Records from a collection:
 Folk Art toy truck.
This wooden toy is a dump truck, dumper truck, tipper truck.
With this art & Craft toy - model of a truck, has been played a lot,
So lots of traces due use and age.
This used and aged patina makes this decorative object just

YOUR GOAL:
Each record is to be given again in full, exactly as it reads.

RESPONSE BOX:
 Folk Art toy truck.
This wooden toy is a dump truck, dumper truck, tipper truck.
With this art & Craft toy - model of a truck, has been played a lot,
So lots of traces due use and age.
This used and aged patina makes this decorative object just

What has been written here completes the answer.